What I did is as usual what I do when comparing two irrational numbers
I compared $\sqrt[1]{1} $ & $\sqrt[2]{2}$ and found that $\sqrt[2]{2}$ is greater.
Then I compared $\sqrt[3]{3} $ &$\sqrt[2]{2}$ and found $\sqrt[3]{3}$ is greater.
Then I compared $\sqrt[3]{3} $& $\sqrt[4]{4}$ and found $\sqrt[3]{3}$ is greater.
And then I compared $\sqrt[5]{5}$&$\sqrt[4]{4}$ and found $\sqrt[4]{4}$ is greater.
And finally I compared $\sqrt[5]{5}$&$\sqrt[6]{6}$ and found $\sqrt[5]{5}$ is greater.
I cannot guarantee will it work up to infinity or not and found $\sqrt[3]{3}$ is greatest term.
And now I have to prove my result.
More generally I have to prove that $\sqrt[n]{n}\gt \sqrt[n+1]{n+1}$ for all $n\in\mathbb N$ and $n\gt 2$
I applied induction to prove it but didn't got the solution.
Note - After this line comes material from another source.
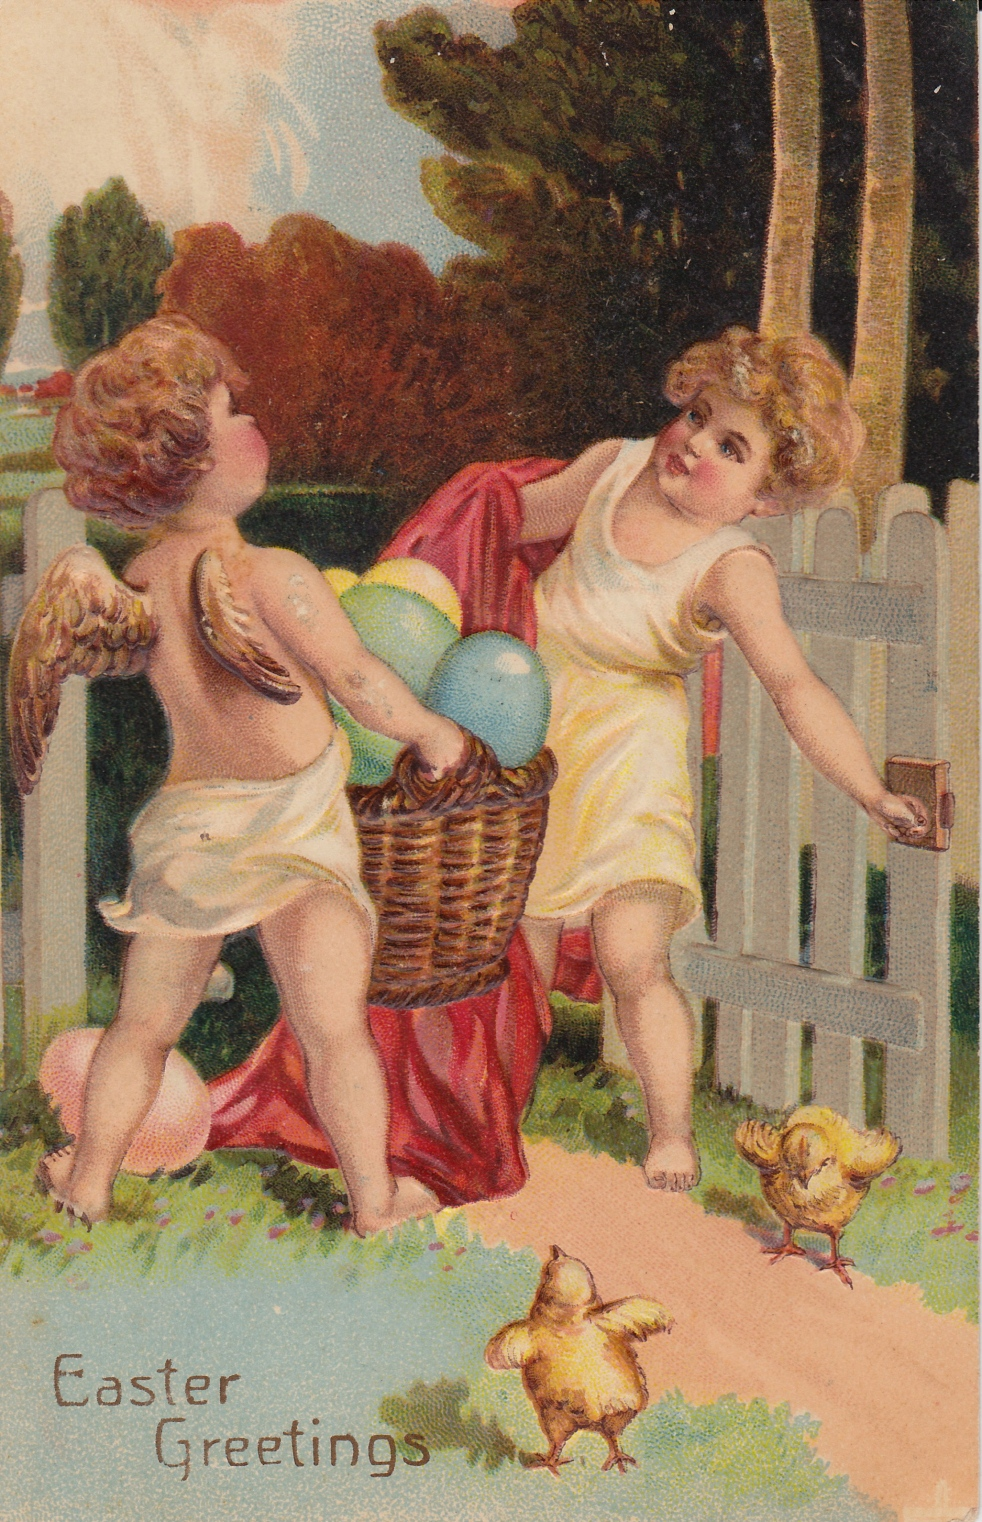 Wings of Whimsy: Easter Greetings - free for personal use #vintage #ephemera #printable #freebie #easter

Please help me in proving this .
Or please tell me an alternative way to tell which number is largest in the sequence.
Notice that your inequality is equivalent to $$ n^{n+1} > (n+1)^n = \sum_{k=0}^{n} {n \choose k} n^{n-k}. $$ Now, the sum on the right has $n+1$ terms. A simple upper bound for a generic term is $$ {n \choose k} n^{n-k} \le \frac{n^k}{k!} n^{n-k} = \frac{n^n}{k!}.$$ Thus, we have $$ (n+1)^n \le n^n(1 + 1 + \frac1{2!} + \ldots + \frac1{n!}) \le n^n \cdot e. $$ Using that for $n \geq 3$ we have also $n > e$, we get $(n+1)^n < n^n \cdot n = n^{n+1}.$